American Beacon Ionic Inflation Protection ETF (CPII)
CPII is a fund. Its real name is American Beacon Ionic Inflation Protection ETF. It aims to protect your money from inflation — the silent eroding force that makes a dollar worth less each year. When inflation rises, goods and services cost more. A dollar you save today buys less tomorrow. CPII tries to flip that: own assets that typically rise in value when inflation rises, and you hedge that erosion.
The fund issued by American Beacon, an investment management company. The strategy comes from Ionic, which focuses on inflation-sensitive investments. The fund holds no single stock. Instead it owns a collection of assets that historically move higher when inflation accelerates.
What goes into the fund? TIPS — Treasury Inflation-Protected Securities. These are government bonds. When inflation rises, the principal of a TIPS bond rises. You get paid more. Commodities, especially oil and metals. They cost more when everything costs more. Real estate and infrastructure investments. These own physical things.
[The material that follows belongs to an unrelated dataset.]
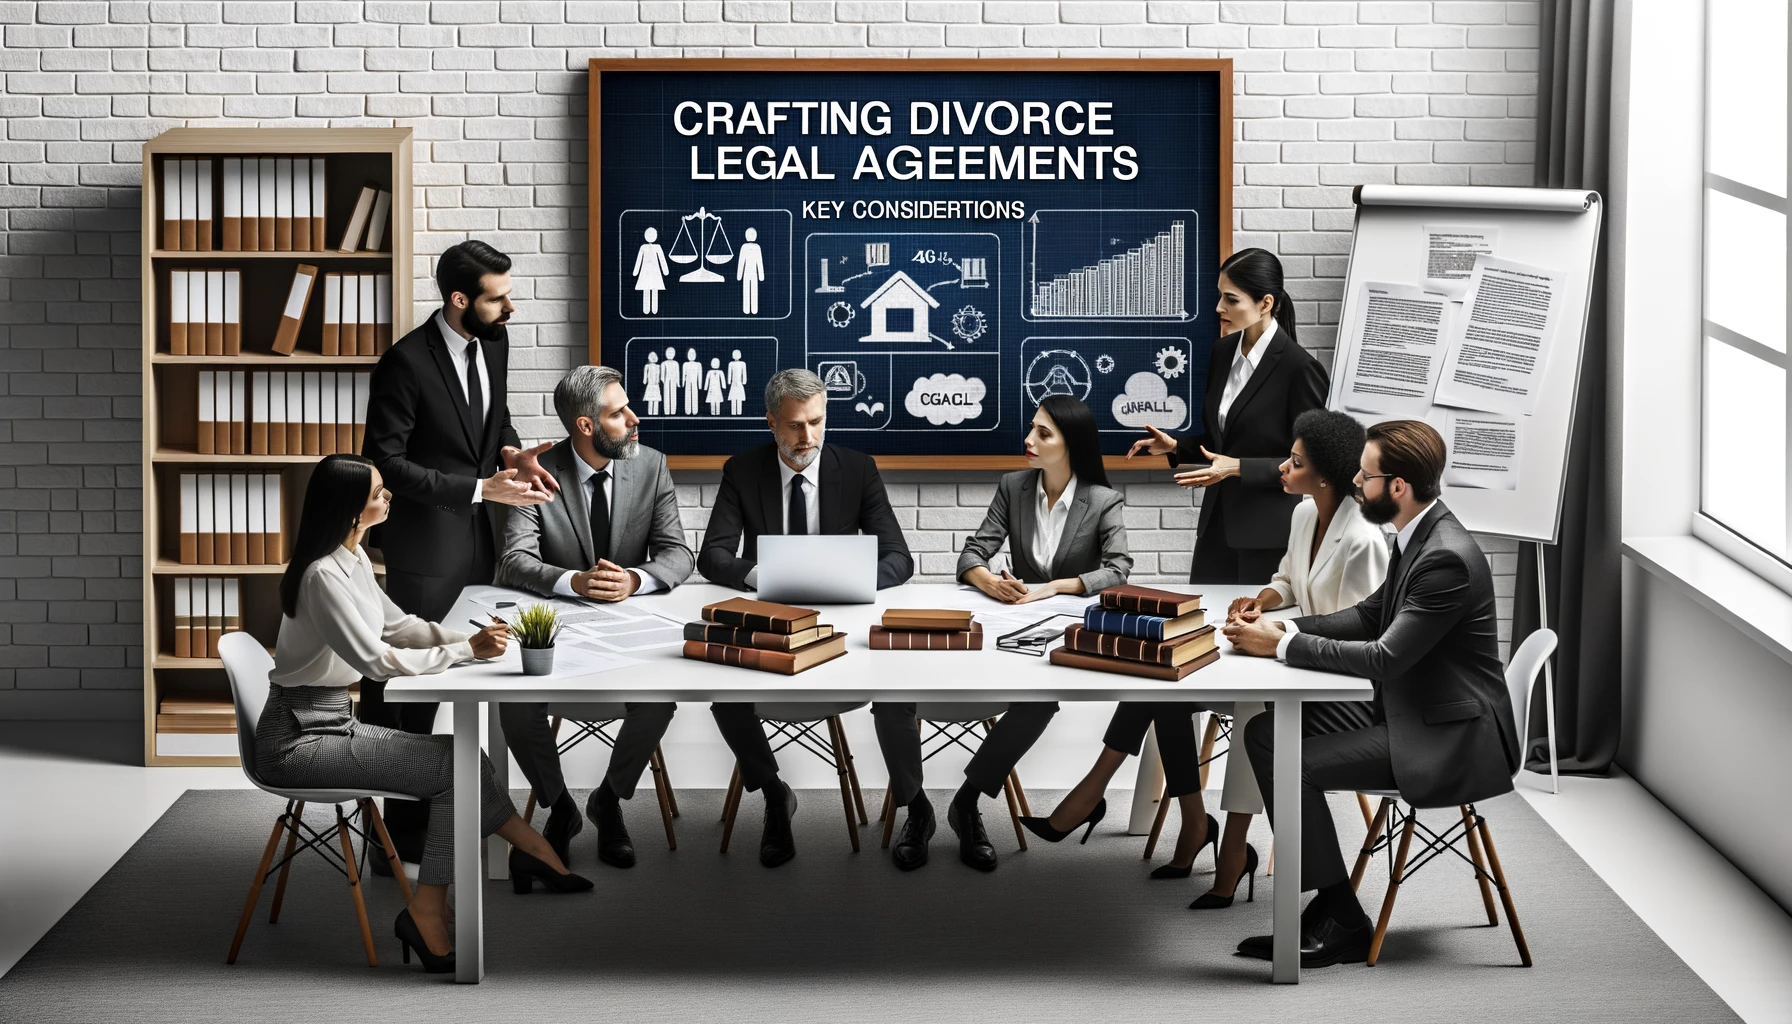 Crafting Divorce Legal Agreements: Key Considerations

Stocks of companies that raise prices when inflation rises. Utilities. Consumer staples. Industries with pricing power.
The basic idea is simple. In normal times when inflation is quiet, some of these assets lag. Real estate sits quiet. Commodity prices drift. But when prices start rising fast, these assets wake up. They move higher. The diversification across different inflation hedges matters. Commodities might surge while TIPS climb slower. Infrastructure might outpace equities. The fund wants to spread its bets.
Why would you own this? The first reason: insurance. If inflation surprises you upward — food and energy jump, wage growth lags — your normal stock-and-bond portfolio takes a hit. Nominal bond prices fall. The buying power of cash shrinks. Stocks stall as central banks tighten. But this fund should hold up better. Some of it may move higher, offsetting losses elsewhere.
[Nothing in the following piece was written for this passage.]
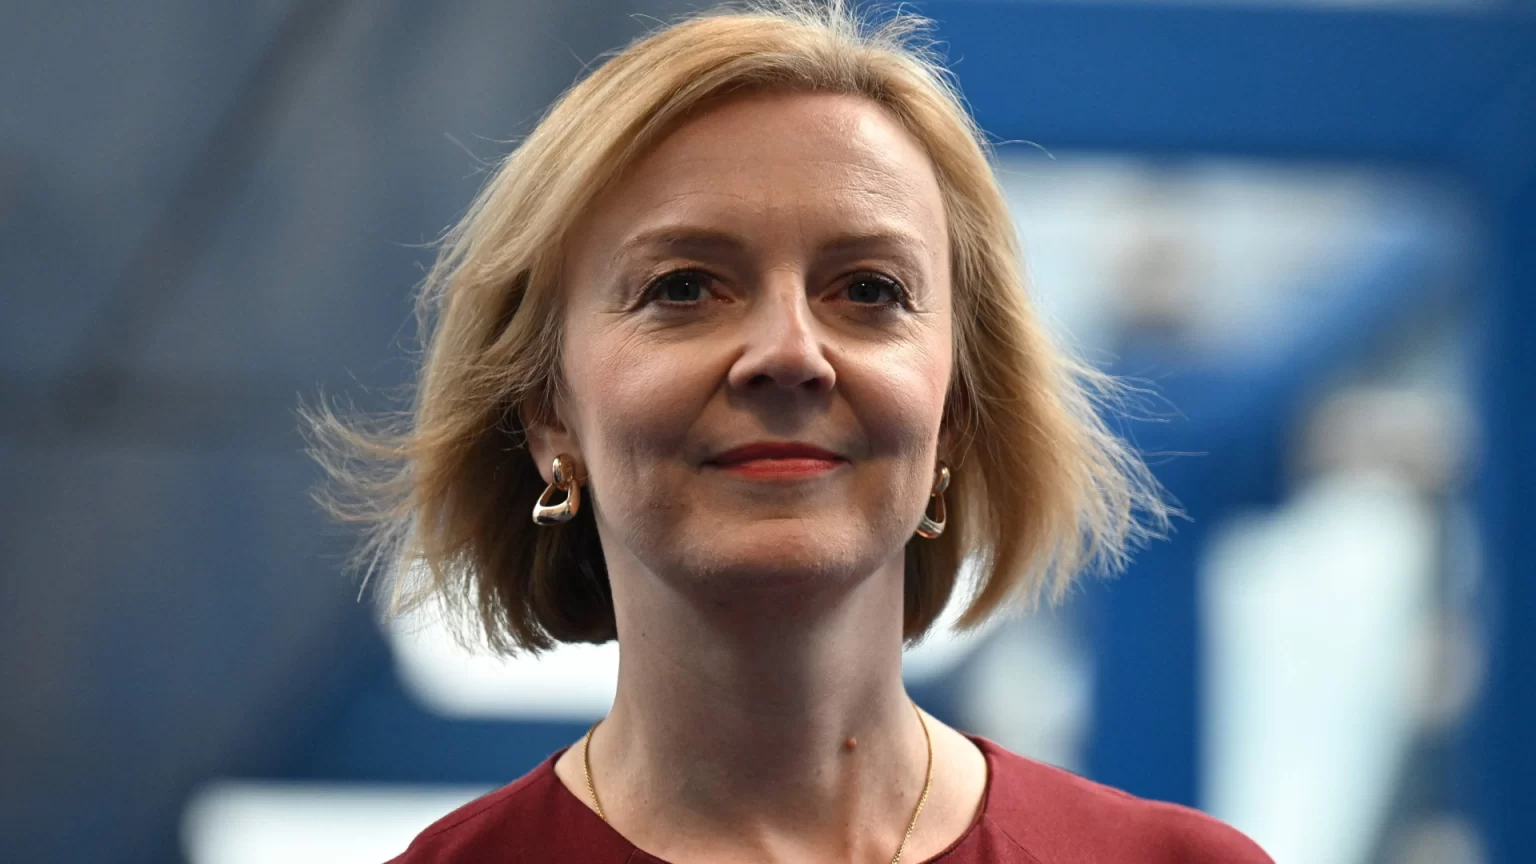 Tories put Liz Truss at the helm and she has set her course – now they must calm down and get behind her

The second reason: conviction. Some investors believe inflation will remain elevated longer than markets price in. They want exposure to that bet without gambling on a single commodity or calling the economic cycle perfectly. A diversified inflation fund spreads the wager across many vehicles.
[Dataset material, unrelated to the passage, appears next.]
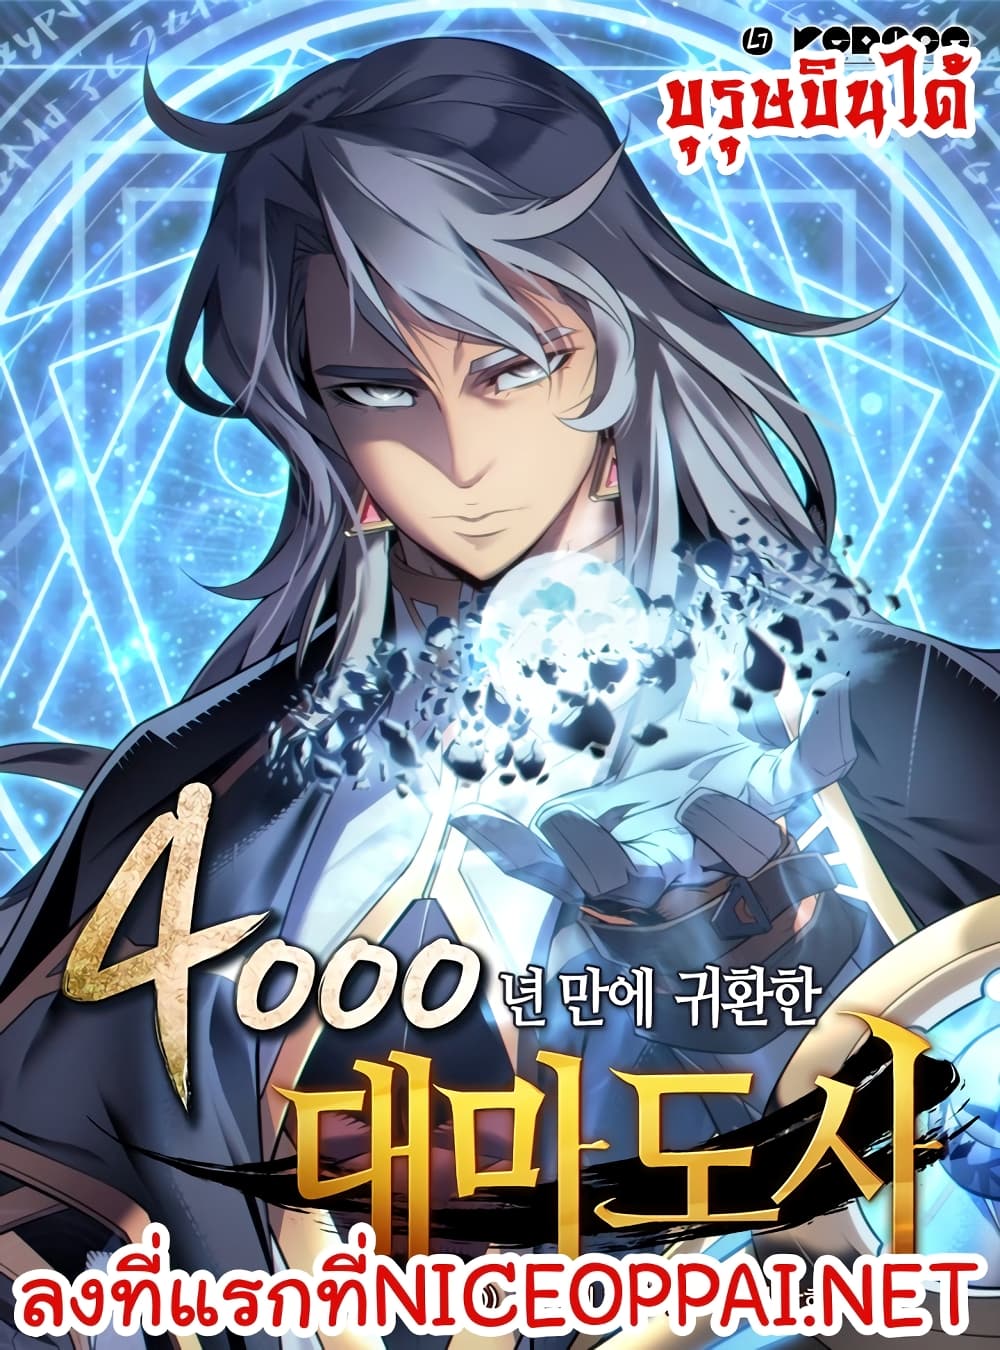 The Great Mage Returns After 4000 Years 37 (1)

The risks are real. In deflationary periods or times of very low inflation, this fund lags. It carries drag from assets that do not perform in stability — commodities churn, real assets require patience. The expense ratio is higher than plain vanilla bond or stock funds. You pay for the diversified approach and the active management.
There is also the tracking question. Inflation happens. A TIPS bond rises with inflation by design — that is engineering, not luck. Equities, though, are messier. They can fall in inflationary periods if growth collapses, a scenario called stagflation. The fund cannot guarantee it will move higher whenever inflation moves higher. The correlation is historical. Past does not promise future.
For investors: read the fund’s holdings. What percentage is TIPS, what percentage commodities, what percentage real estate? That allocation shapes your actual inflation exposure. Check the fund’s historical returns in different inflation environments. Has it held up in the 1970s analogs in the simulated data, or backtest? What does the chart show during the recent inflation episode of 2021–2023? That teaches you what to expect.
The prospectus and fact sheet detail the mechanism: how exactly is the portfolio managed, rebalanced, and reconstituted? Expense ratio matters more here than in a cheap index fund, so understand what you are paying for. The real question: do you believe the inflation environment justifies the drag?